Supports used for the vertical element do need to be nonconductive,
to prevent coupling to the wire being supported.
If there are no trees or other supporting structures available, the
vertical element can be made self-supporting by using metal tubing or
mobile antenna components. In Figure 7 is a picture of a
recent prototype I built using half-inch aluminum mobile antenna
mast. The vertical element was 11' long for use on 15m.

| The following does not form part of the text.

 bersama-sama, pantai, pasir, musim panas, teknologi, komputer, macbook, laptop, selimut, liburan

Other forms of rigid tubing would work here, and could even extend
to significant height if guying is used.
The feed point for this antenna was roughly 10' above the ground, suppored
by a short fiberglass mast. This could just as easily be done with a
length of treated lumber, or a piece of galvanized top-rail, such as is
used for chain-link fence. Supporting the antenna from the bottom
can be done with either conductive or nonconductive material.
Interesting Variations
While the two-radial antenna is easy to squeeze into tight spaces, three radials
can be spaced out and used as guys lines, as well. A fiberglass mast, guyed
by the radials, makes an antenna that can be raised anywhere, trees or not.

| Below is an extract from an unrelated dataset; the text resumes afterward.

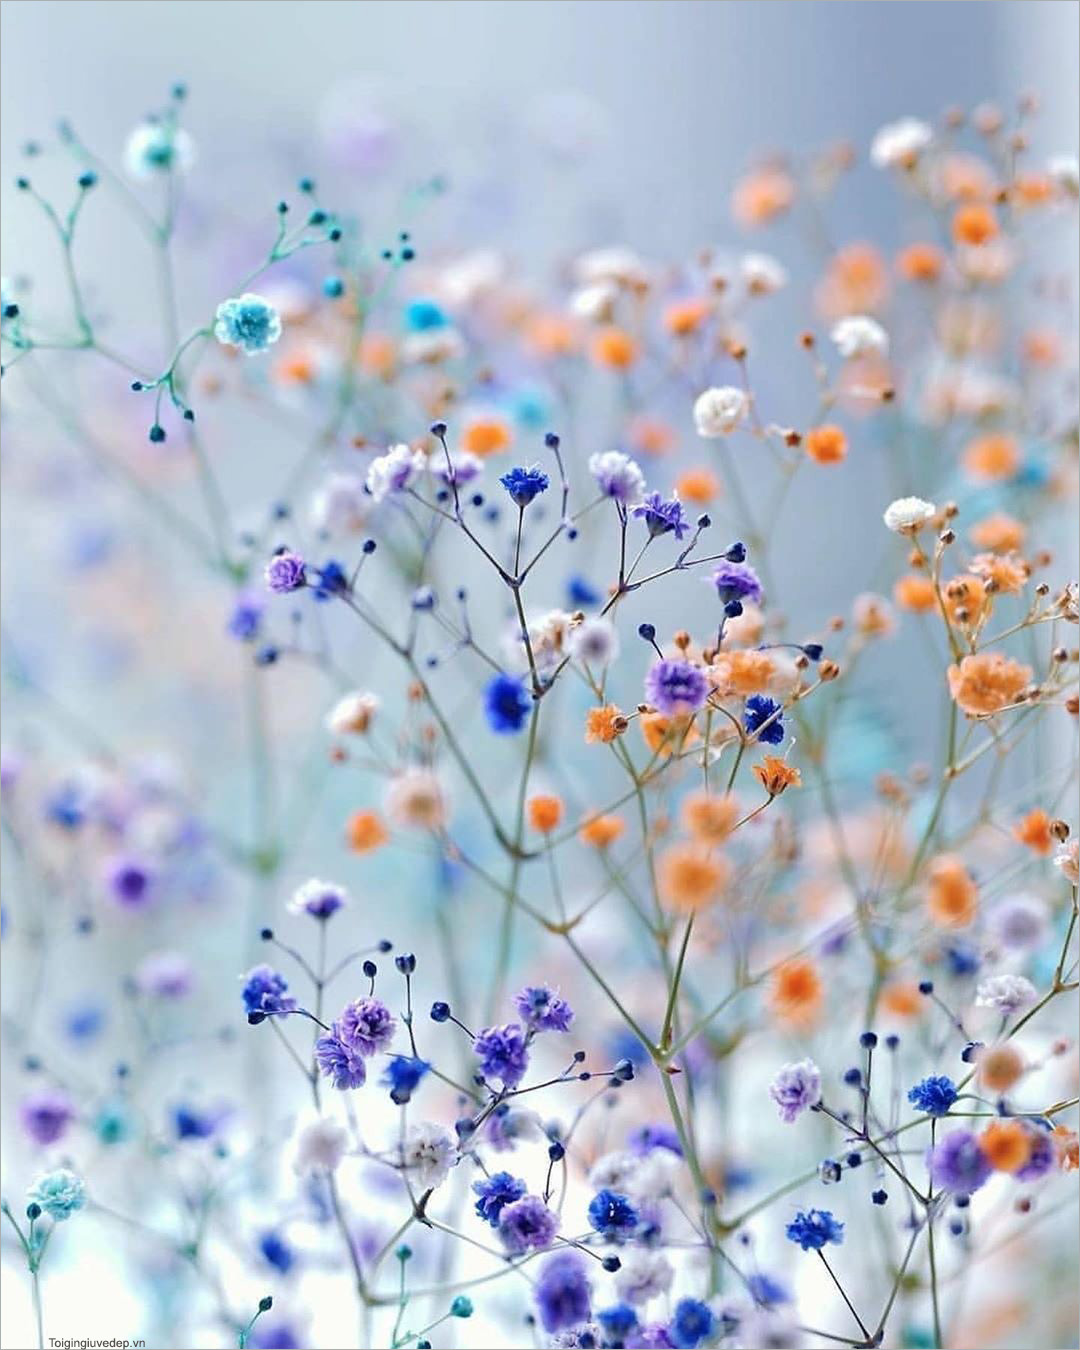 Avatar chill hoa nhẹ nhàng: Hình đại diện hoa nhẹ nhàng và chill sẽ là sự lựa chọn hoàn hảo cho những người yêu thích sự thuần khiết và bình yên. Hãy tận dụng các nguồn tài nguyên hình ảnh hoa tuyệt đẹp để thể hiện sự độc đáo và tinh tế của bản thân.

Adding a third radial, and with the radials spaced equally from each other,
also removes the azimuth eccentricity from the pattern.
In either the two- or three-radial configuration, this type of antenna is an
effective teammate for remote antenna tuners, such as those from SGC or MFJ.
I recently built a three-radial antenna, cut for 15m, and then mated it to
an SG-230, mounted
just above the radials on a fiberglass mast. Not only did the antenna
tune up well on all HF bands, but it worked a long string of DX on both 15m and
20m. Maps of spots over 24 hours for each band are shown in Figure 8.
Figure 8: 15m and 20m Spots
Conclusions
The performance of the antenna is without question. Even running QRP, the antenna is efficient
enough, and with a low angle of radiation, that it works DX with ease. As an unloaded wire
antenna, it should be able to withstand any legal-limit power level. The only power constraint
would be in the feedline chosen.